There are two possible wrinkles here, as I see it.  (And what do I know?  A year ago,  I didn’t think he could possibly get this far.)  First, if the theory that he doesn’t really want to be president and is just doing this to help Hillary Clinton win is correct (which I do not subscribe to), then he’ll send some wild Twitter tweets during the convention that will cause firestorms of anger and indignation.  That isn’t my theory, so it’s not what I expect to see happen.

However, if, during his speech, he gets heckled–really loudly and persistently heckled–by Never Trump delegates (and there are some there, though I’m not clear about how many), it could throw him off, and induce a narcissistic meltdown.  Our current president handles hecklers well, keeps calm, rides with the interruption, answers them calmly.  Trump doesn’t.  Trump goes into tirades when he is heckled–and those tirades are real, because narcissists truly can’t handle criticism.

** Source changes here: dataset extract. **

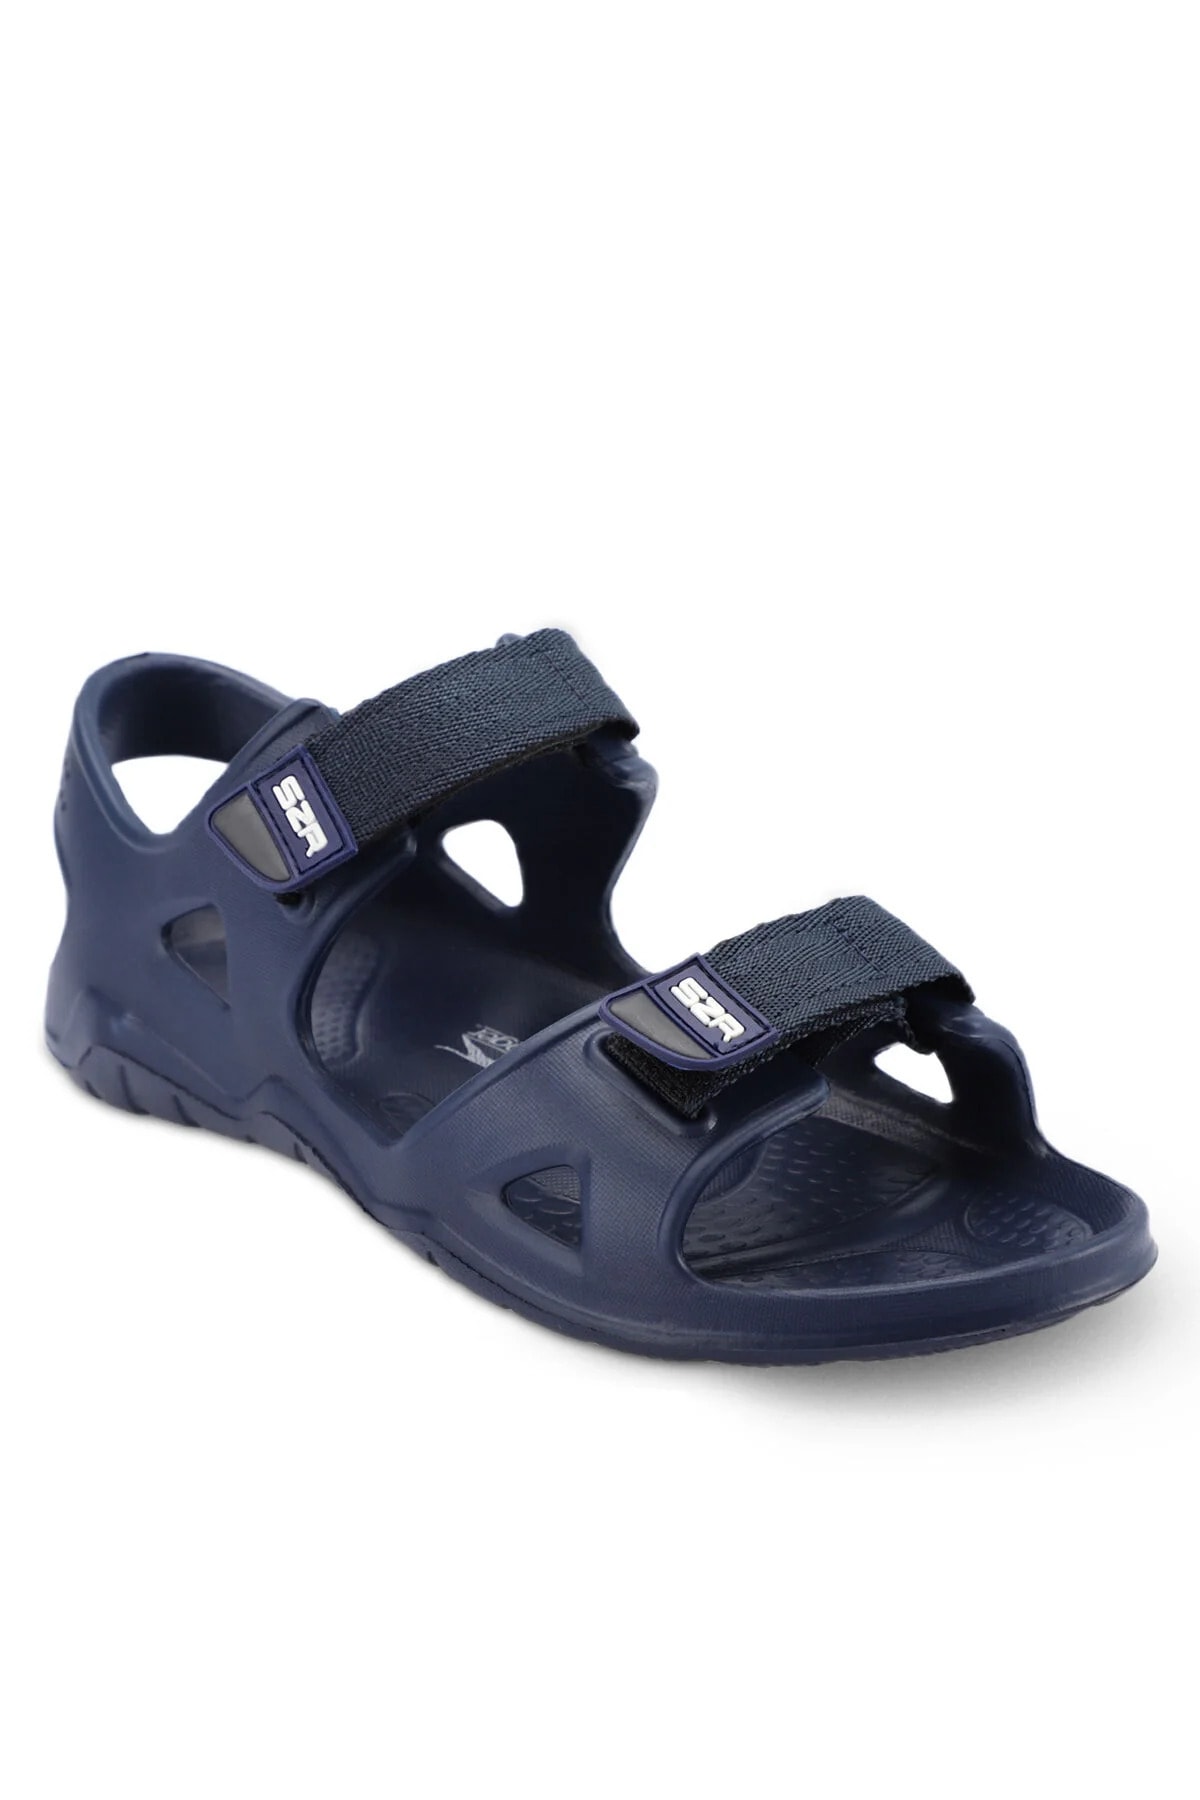 Slazenger Navy Blue Men's Sandals

Anyway, esteemed associates, any time you want to look in on the festivities at Cleveland, just click right here:  http://www.c-span.org.  And please, feel free to go to the discussion board and share your thoughts–or post comments right here.  Either place is fine.

Reminder:  My school email account is not working.  Please write to benalexandercuny@yahoo.com if you are trying to contact me.

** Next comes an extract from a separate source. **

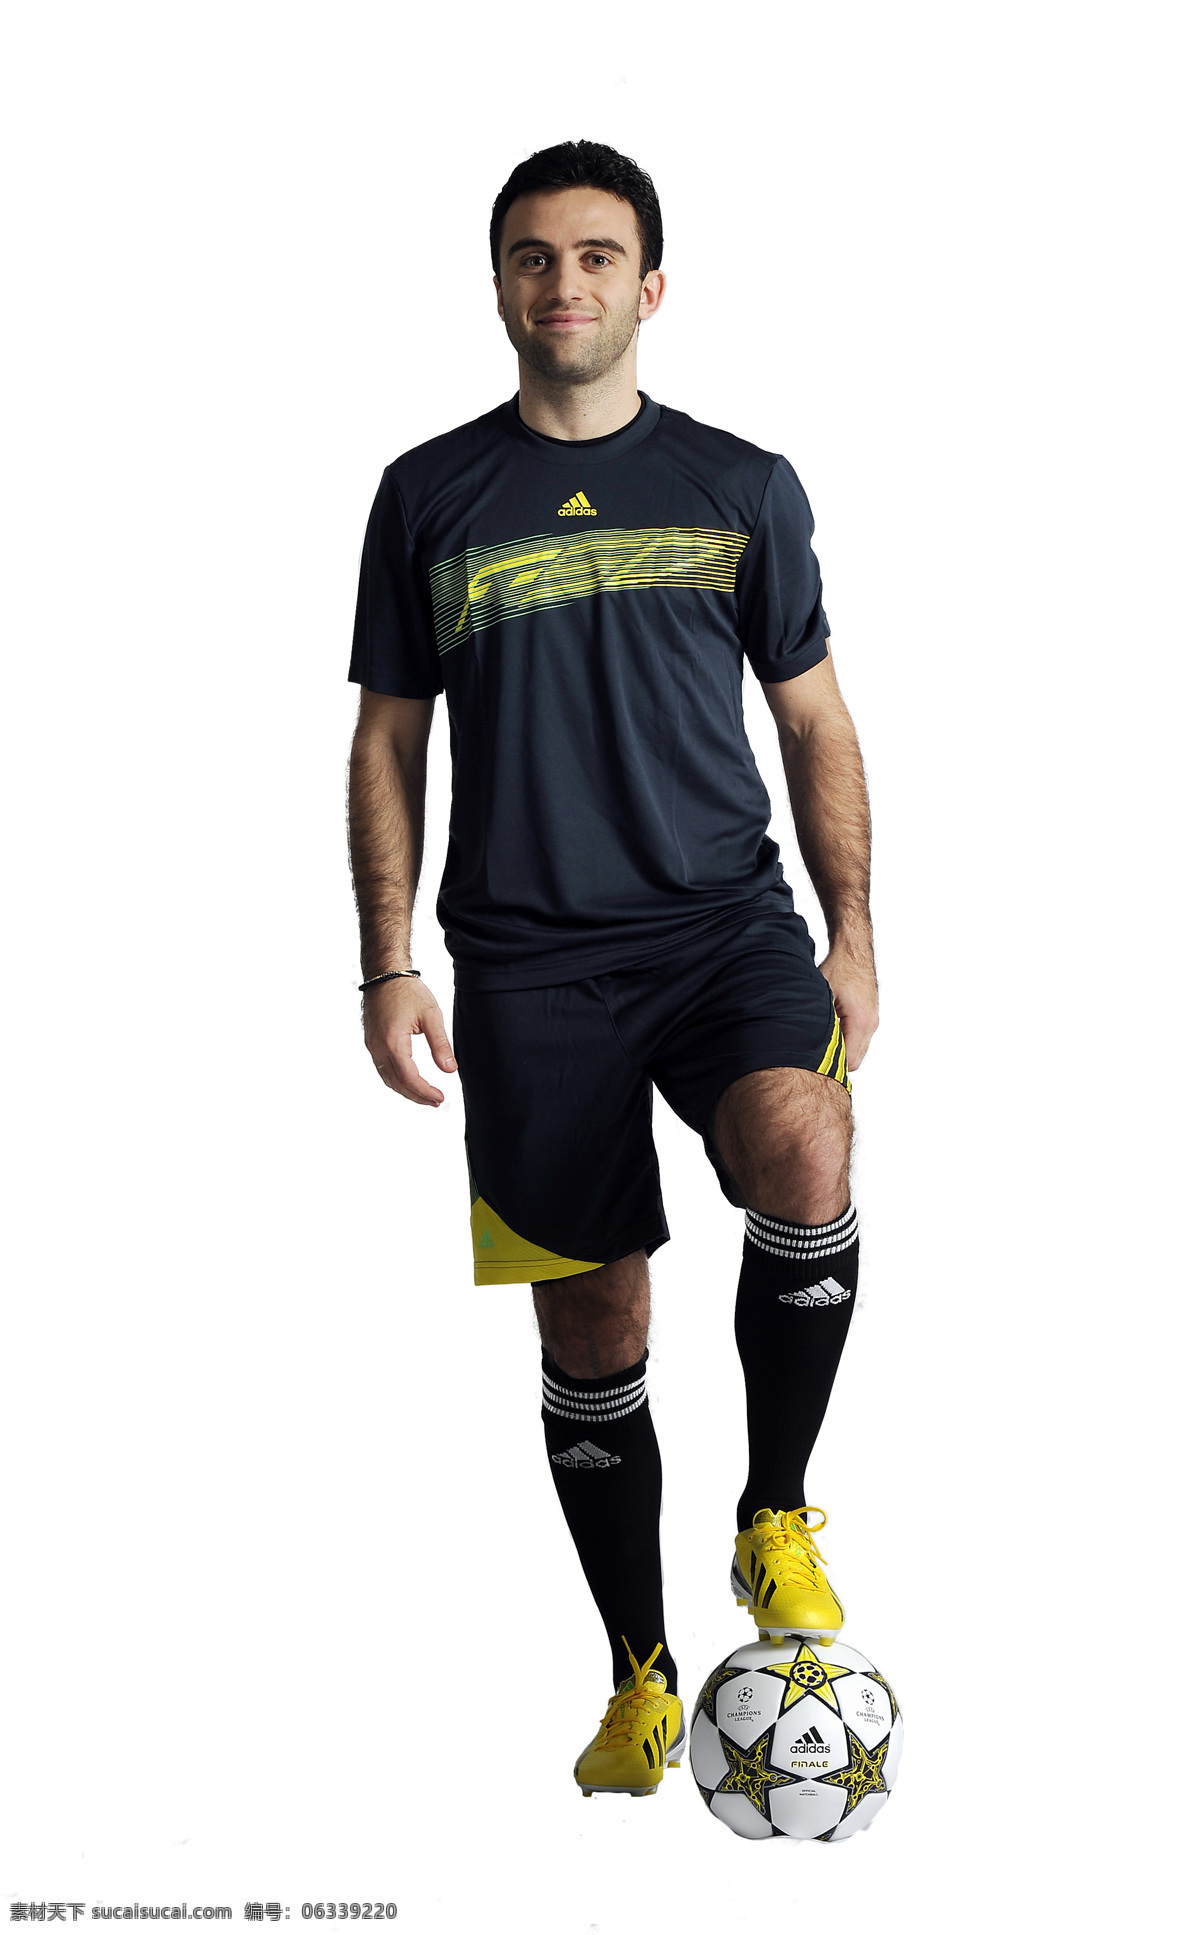 adidas 广告 体育运动 文化艺术 宣传 足球队 队服 矢量图 日常生活

For more thoughts on the convention from NPR’s political specialist, click here.

 

Anti-Trump Delegates at Cleveland Still Not Giving Up

After failing to get the desired results from the Rules Committee last Thursday night, the “Never Trump” contingent of delegates to the Republican National Convention at Cleveland is still combing the procedural rules and by-laws for every possible wedge they can employ to force a full floor vote on freeing the majority of delegates from their obligation to vote for Trump.  The odds are against them, but they may at least be in a position to prevent the convention from being one big happy love fest.

Politico Story

Obviously, there will be plenty of speakers in the lineup who don’t personally like Trump, but what they will do is give speeches that are pro-party and that extol the virtues of the party’s platform and positions without mentioning Trump at all.  There may well not be any overtly anti-Trump speeches at all, because the Republican National Committee, with its head Reince Priebus, has embraced Trump and has party unity as a goal.  But here again, the Never Trump movement will be doing all it can to make sure that the anti-Trump message gets heard.

By the way, Spencer Tunick’s nude photo shoot happened this morning (Sunday, July 17), with his 100 naked goddesses of wisdom pointing mirror discs at the convention hall.  I won’t post a link to sites with nude pictures here, but interested students know how to use the net search engines at least as well as I do, I am confident.